Thanks to the Trees of Knowledge page (by Paul Michel) of the "Encyclopedias as Indicators of Change in the Social Importance of Knowledge, Education and Information" web site, for pointing out this unexpected use of trees of knowledge.

Tuesday, July 5, 2016

Hybridization in the world of duplication-transfer-loss

It seems to me that the study of reticulate evolutionary histories currently boils down to two options:
(1) reconstructing a species "tree" from multiple gene trees using a coalescent model that includes hybridization (either homoploid or polyploid);
(2) reconciling multiple gene trees with a known [sic] species tree using a model that includes gene duplication, loss and transfer (as well as speciation) - a DTL model.

This often leads me to wonder where hybridization fits into option (2) and where gene transfer fits into option (1).
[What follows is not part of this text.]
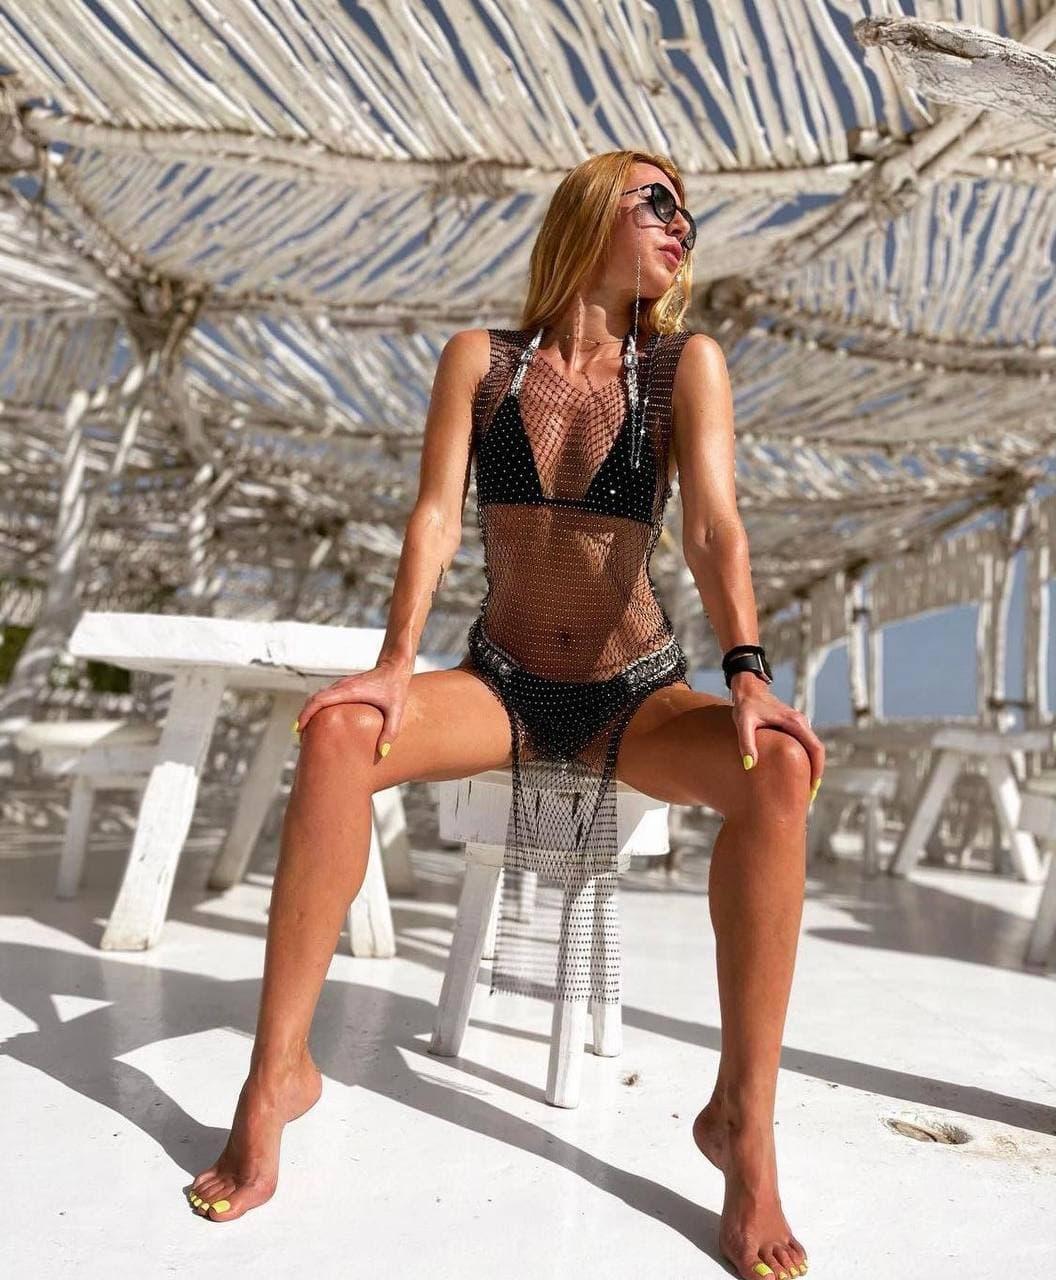 Женский черный купальник с камнями раздельный, Красивый модный купальник однотонный черного цвета 2021

They must fit somewhere. For example, Jacox et al. (2016. ecceTERA: comprehensive gene tree-species tree reconciliation using parsimony. Bioinformatics 32: 2056-2058) describe their DTL as:
comprehensive as it includes the following evolutionary events: speciation, speciation-loss (speciation followed by a loss of one gene copy), gene duplication, gene loss, gene transfer and transfer-loss (gene transfer with loss of the original gene) between two sampled species, and gene transfer and transfer-loss from/to an unsampled species (i.e. a species that is not represented in the dataset) to/from a sampled one.
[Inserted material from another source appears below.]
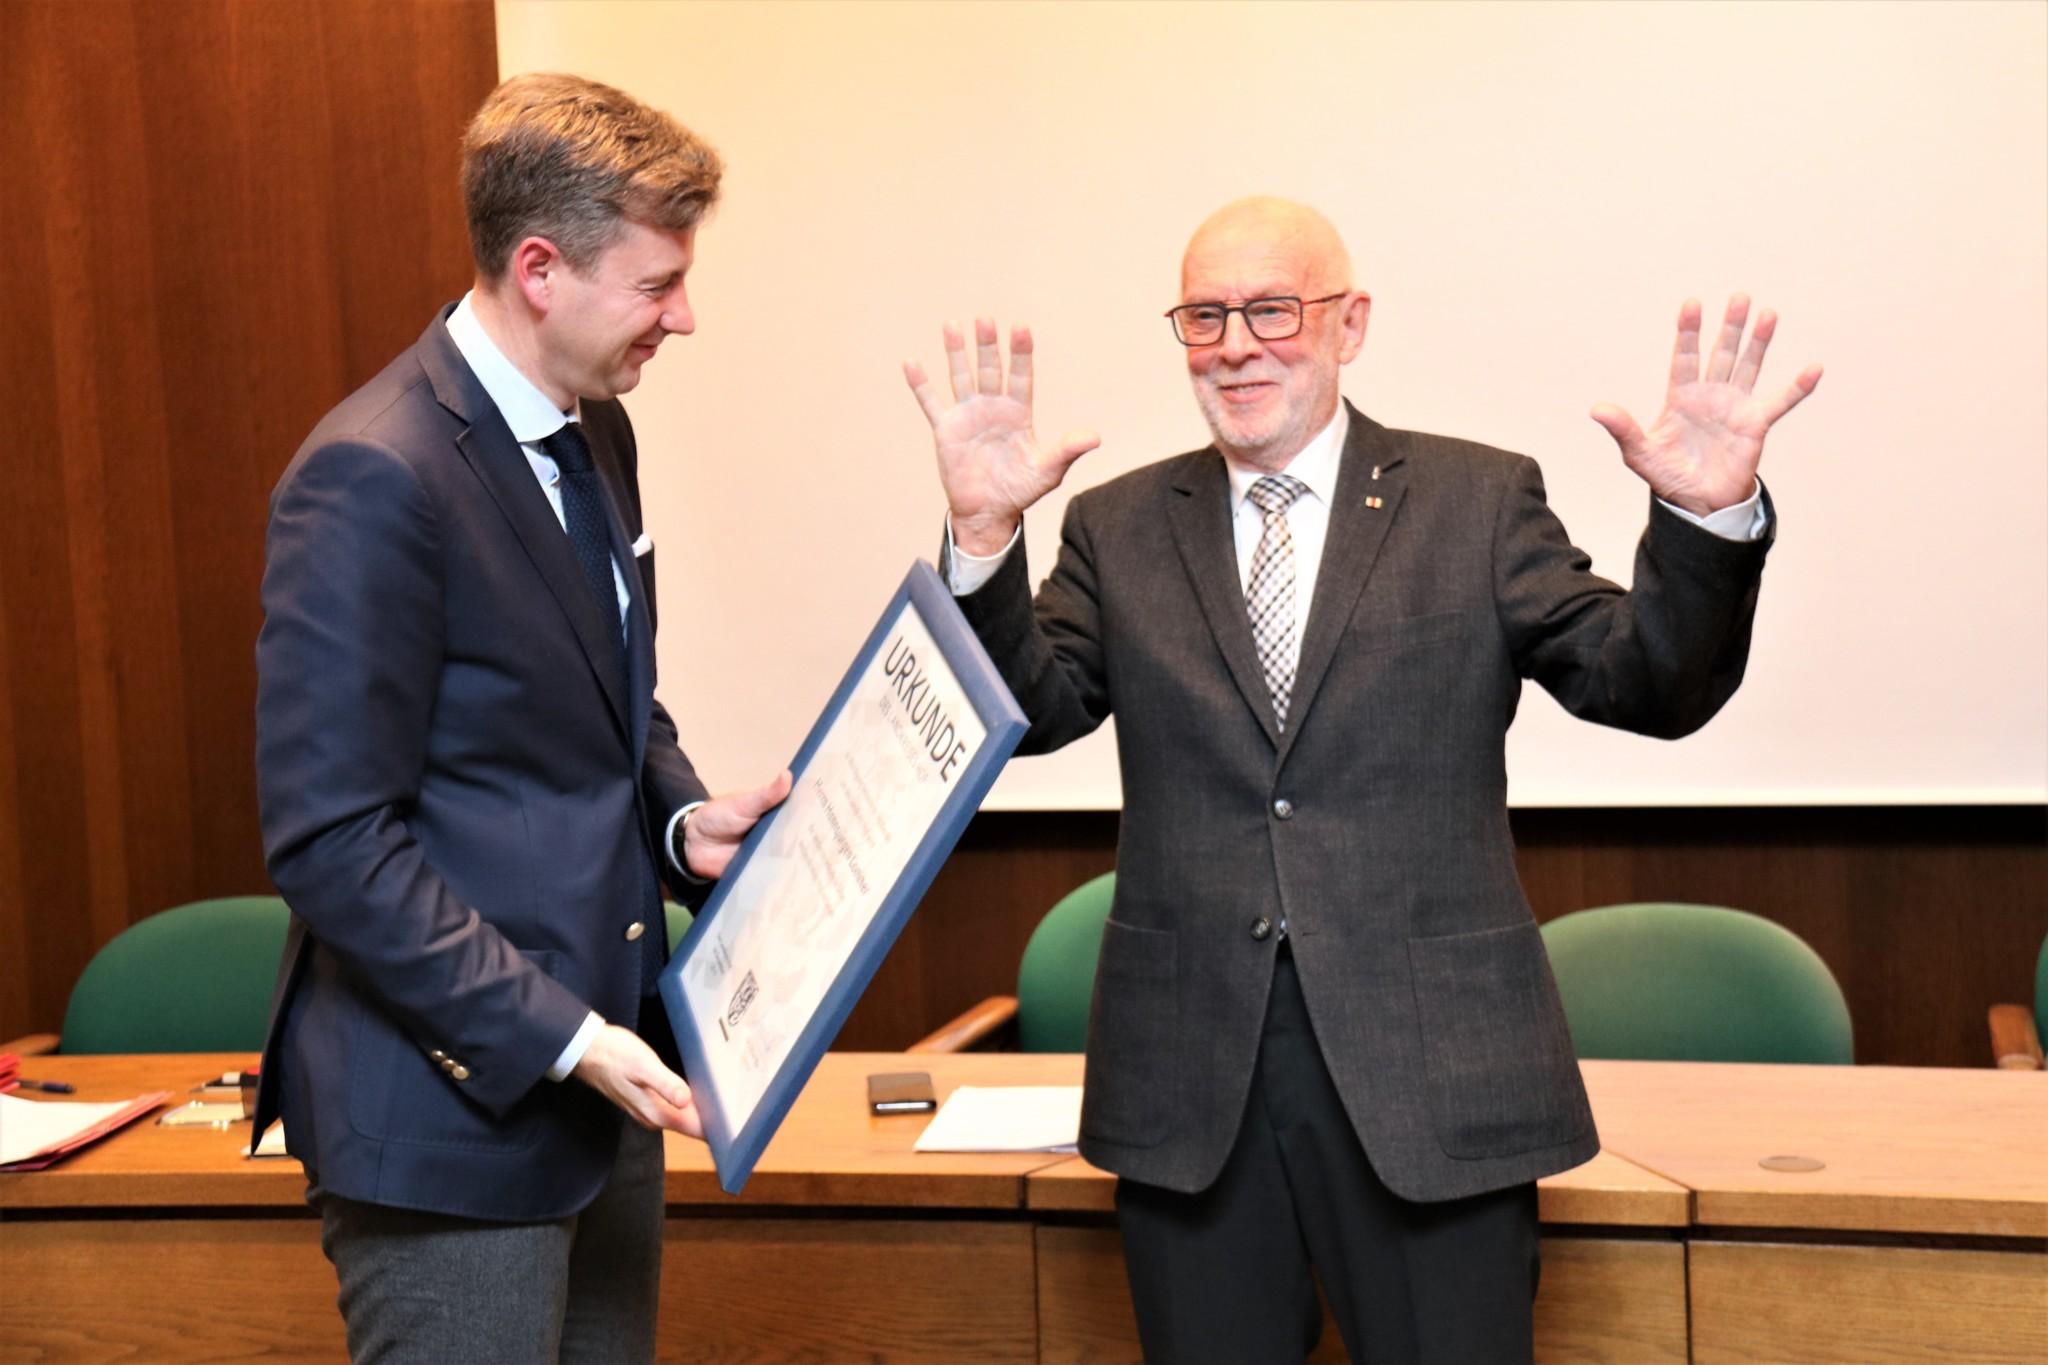 Seit 1990 im Kreistag: Hansjürgen Lommer bei der Übergabe der Urkunde

Since the model is "comprehensive", then hybridization must be included. The only parts of the model that include reticulate histories are gene transfer and transfer-loss, so this is where hybridization must be. Possibly, polyploid hybridization is included in "gene transfer" (an increase in the number of gene copies), and homoploid hybridization is included in "transfer-loss" (maintaining the same number of genes).
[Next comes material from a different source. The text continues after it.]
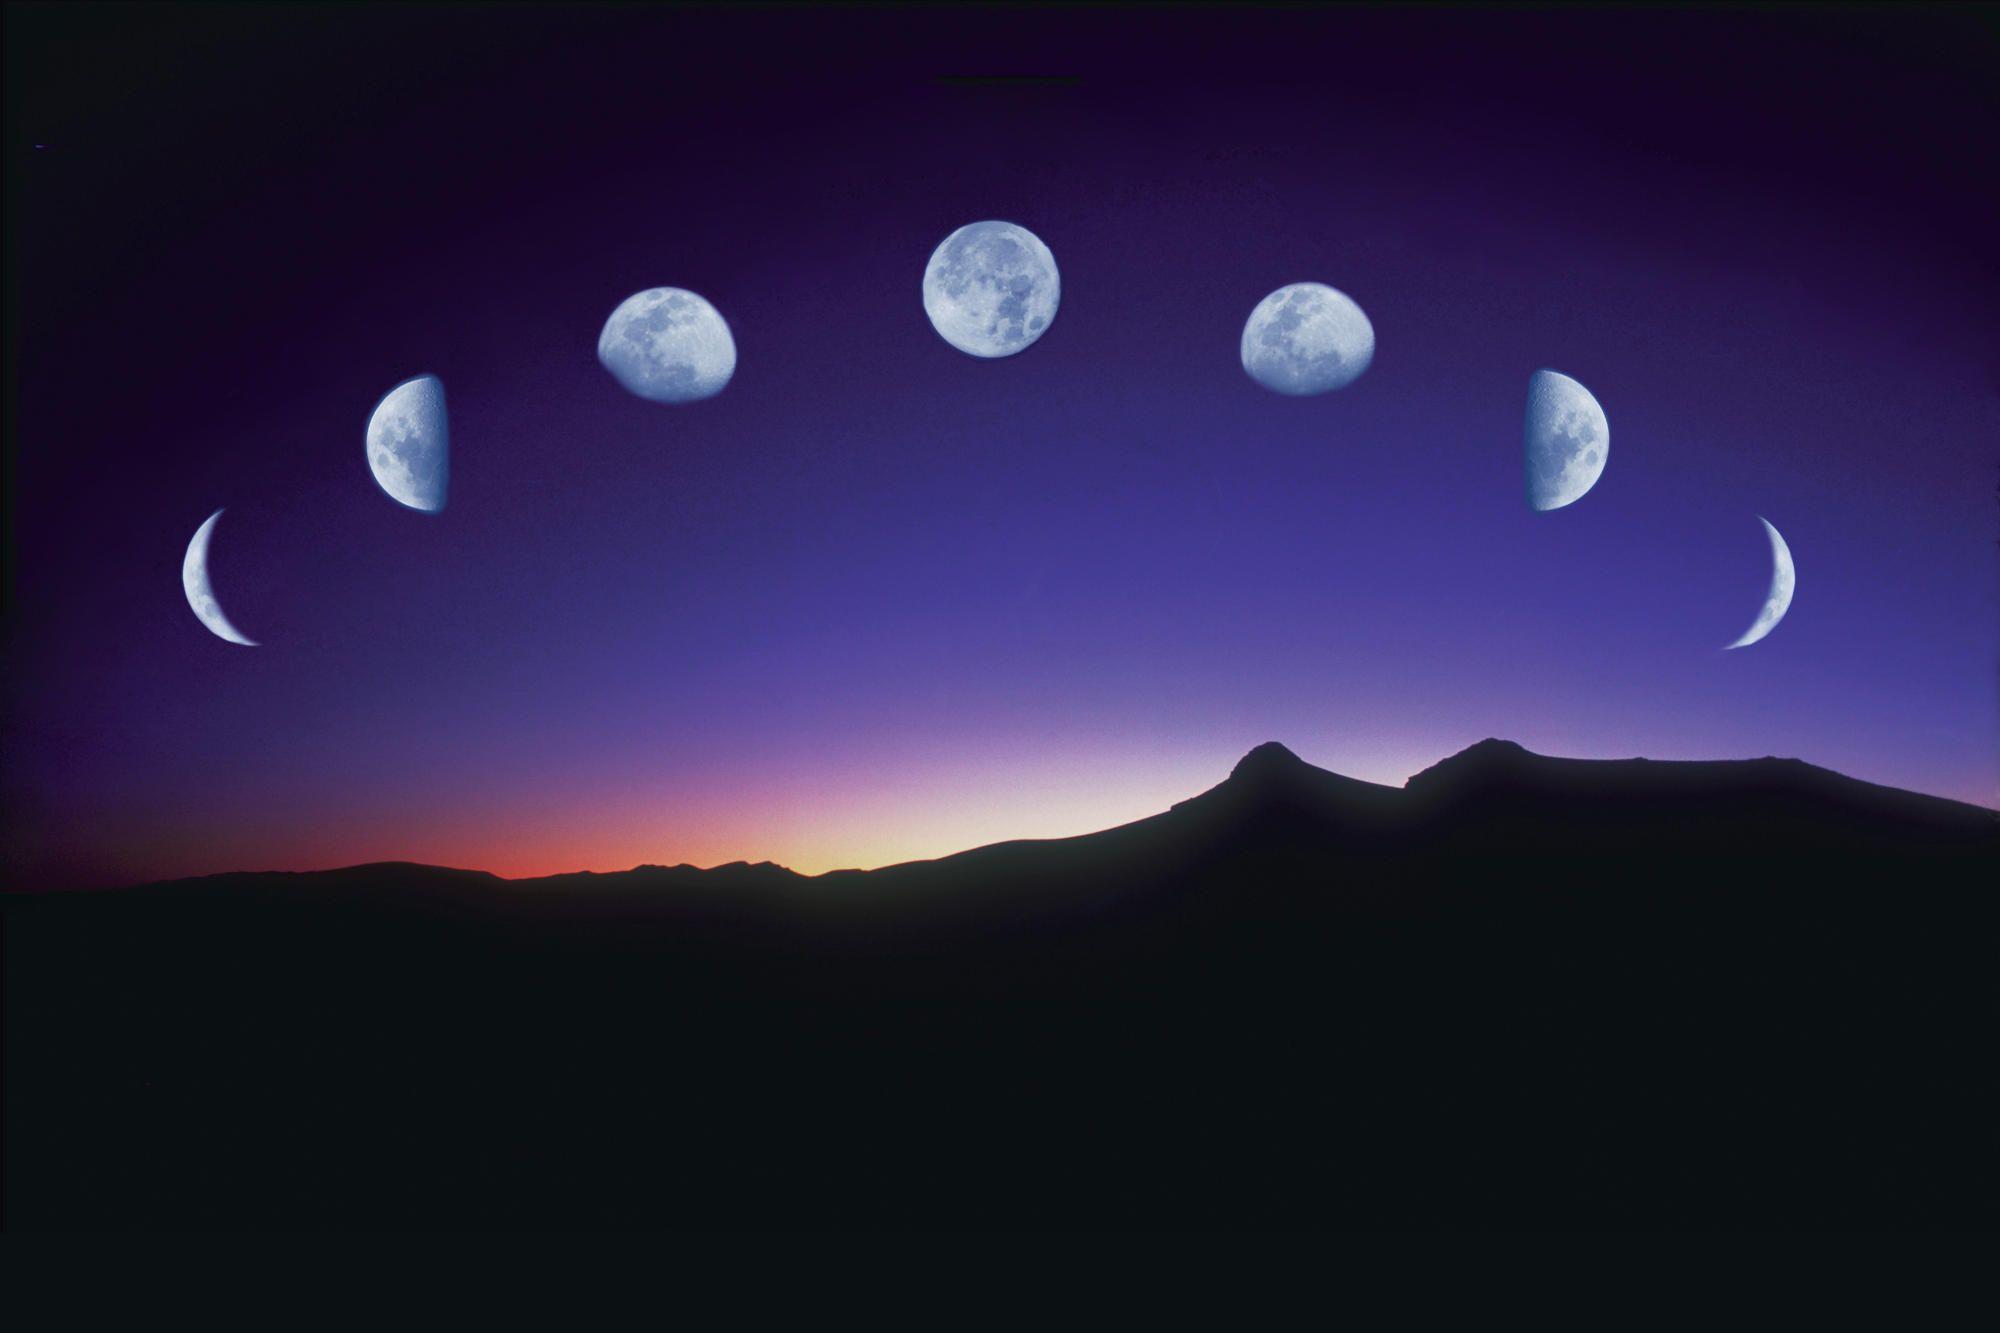 Moon Desktop Wallpapers   Top Moon Desktop Backgrounds 2000x1333

This seems to be a simple example of the idea that different types of reticulation events cannot be distinguished from each other. Genomic material moves from one place to another in contemporaneous organisms, either sexually (introgression, hybridization) or asexually (lateral gene transfer). There is nothing intrinsic about gene trees to tell us which mechanism is involved in any given reticulation, other than the relative positions of the donor and recipient in the "species tree" and the possibility of time inconsistency.

This leads to the question of why horizontal gene movement is called "transfer" in one model (2) and "hybridization" in the other (1).